MultiThreadedHttpConnectionManager
The main reason for using multiple theads in HttpClient is to allow the execution of multiple methods at once (Simultaniously downloading the latest builds of HttpClient and Tomcat for example). During execution each method uses an instance of an HttpConnection. Since connections can only be safely used from a single thread and method at a time and are a finite resource, we need to ensure that connections are properly allocated to the methods that require them.
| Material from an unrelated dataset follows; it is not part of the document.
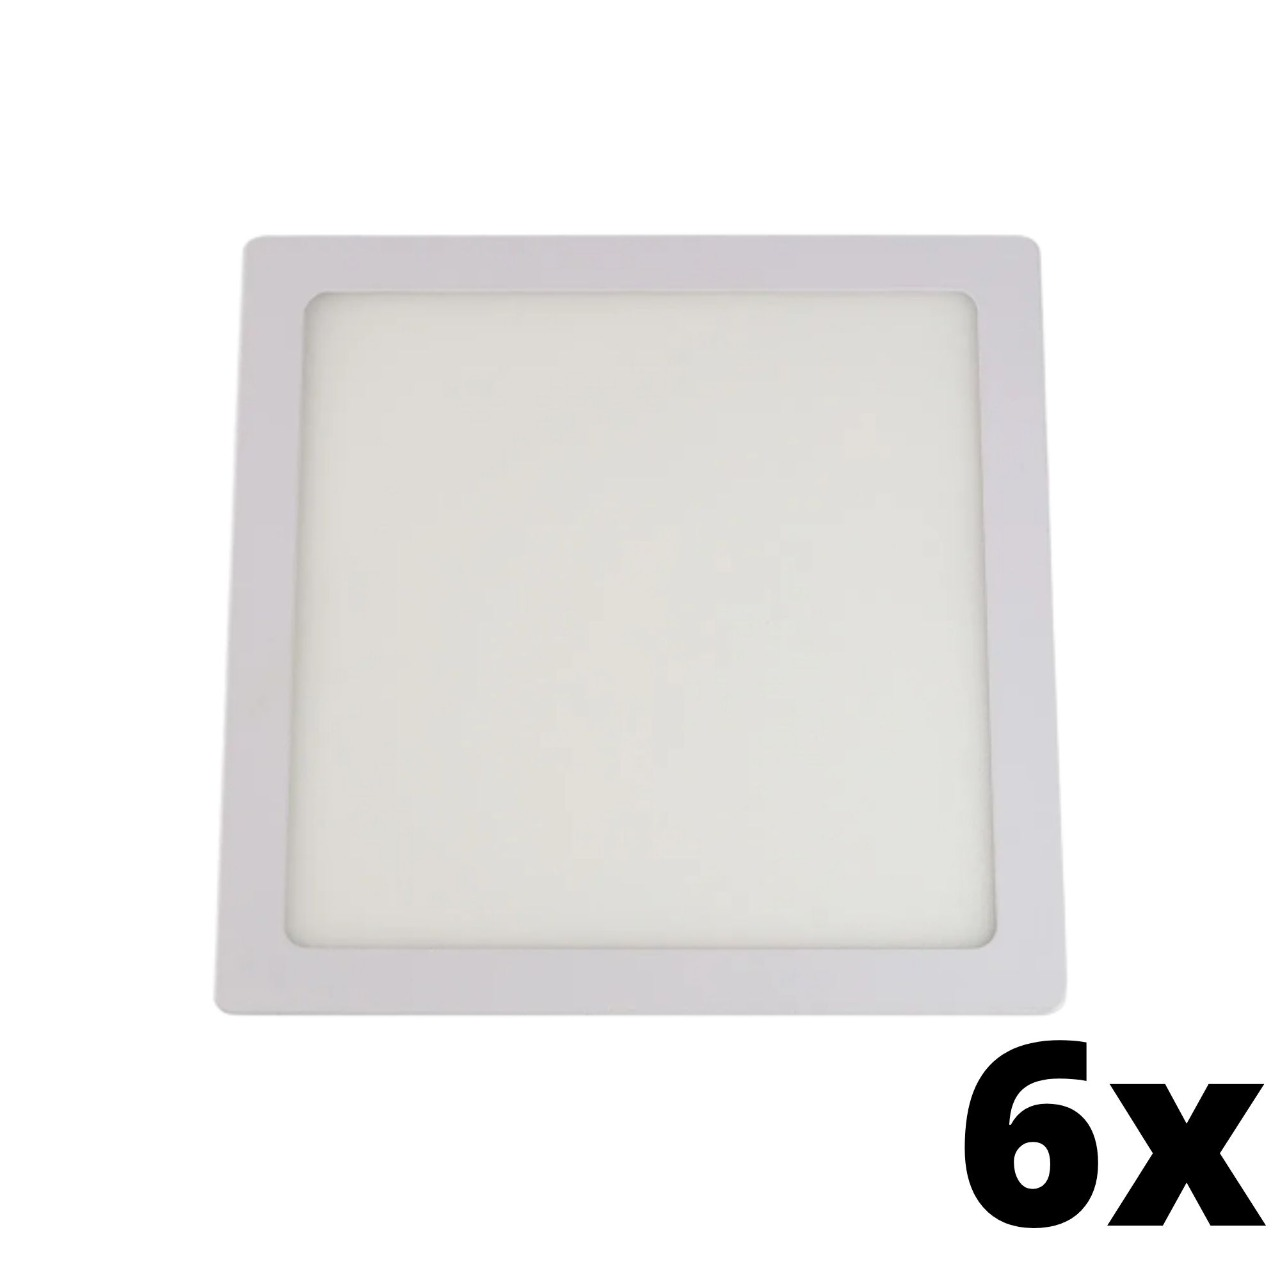 Kit 6 und Painel de Led Embutir 24w Quadrado 3000k
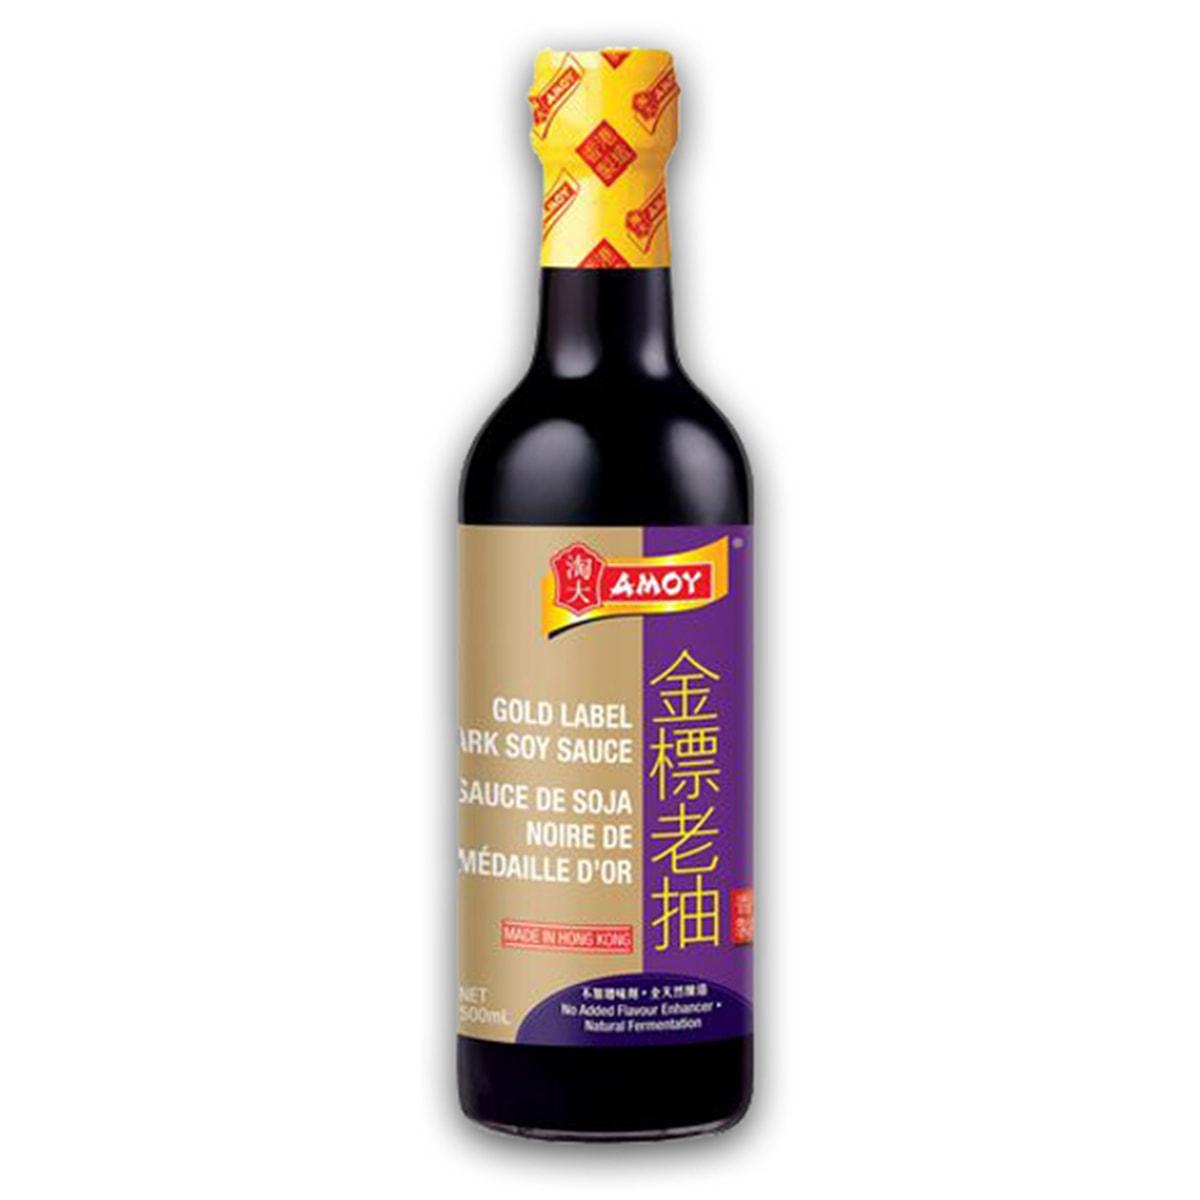 Buy Amoy Gold Label Dark Soy Sauce - 500 ml

This job goes to the MultiThreadedHttpConnectionManager .
To get started one must create an instance of the MultiThreadedHttpConnectionManager and give it to an HttpClient. This looks something like:
MultiThreadedHttpConnectionManager connectionManager =
new MultiThreadedHttpConnectionManager();
HttpClient client = new HttpClient(connectionManager);
This instance of HttpClient can now be used to execute multiple methods from multiple threads. Each subsequent call to HttpClient.executeMethod() will go to the connection manager and ask for an instance of HttpConnection. This connection will be checked out to the method and as a result it must also be returned. More on this below in Connection Release .
Options
The MultiThreadedHttpConnectionManager supports the following options:
connectionStaleCheckingEnabled | The connectionStaleCheckingEnabled flag to set on all created connections. This value should be left true except in special circumstances. Consult the HttpConnection docs for more detail. |
maxConnectionsPerHost | The maximum number of connections that will be created for any particular HostConfiguration. Defaults to 2. |
maxTotalConnections | The maximum number of active connections. Defaults to 20. |
In general the connection manager makes an attempt to reuse connections for a particular host while still allowing different connections to be used simultaneously. Connection are reclaimed using a least recently used approach.
Connection Release
One main side effect of connection management is that connections must be manually released when no longer used. This is due to the fact that HttpClient cannot determine when a method is no longer using its connection. This occurs because a method's response body is not read directly by HttpClient, but by the application using HttpClient. When the response is read it must obviously make use of the method's connection. Thus, a connection cannot be released from a method until the method's response body is read which is after HttpClient finishes executing the method. The application therefore must manually release the connection by calling releaseConnection() on the method after the response body has been read. To safely ensure connection release HttpClient should be used in the following manner:
MultiThreadedHttpConnectionManager connectionManager =
new MultiThreadedHttpConnectionManager();
HttpClient client = new HttpClient(connectionManager);
...
// and then from inside some thread executing a method
GetMethod get = new GetMethod("http://httpcomponents.apache.org/");
try {
client.executeMethod(get);
// print response to stdout
System.out.println(get.getResponseBodyAsStream());
} finally {
// be sure the connection is released back to the connection
// manager
get.releaseConnection();
}
Particularly, notice that the connection is released regardless of what the result of executing the method was or whether or not an exception was thrown. For every call to HttpClient.executeMethod there must be a matching call to method.releaseConnection().
那为什么我原来写多线程不会出现这个问题呢?
原来原有的代码在每一个线程中定义了一个httpclient对象。
而这次在子线程中继续开多个子线程时,却没有为每个子线程分配一个httpclient对象,
而是让他们共享一个httpclient对象,自然,大家不够用了,闹矛盾了,读完就把连接给关了,
当然别人就读不到了,那也就出错喽。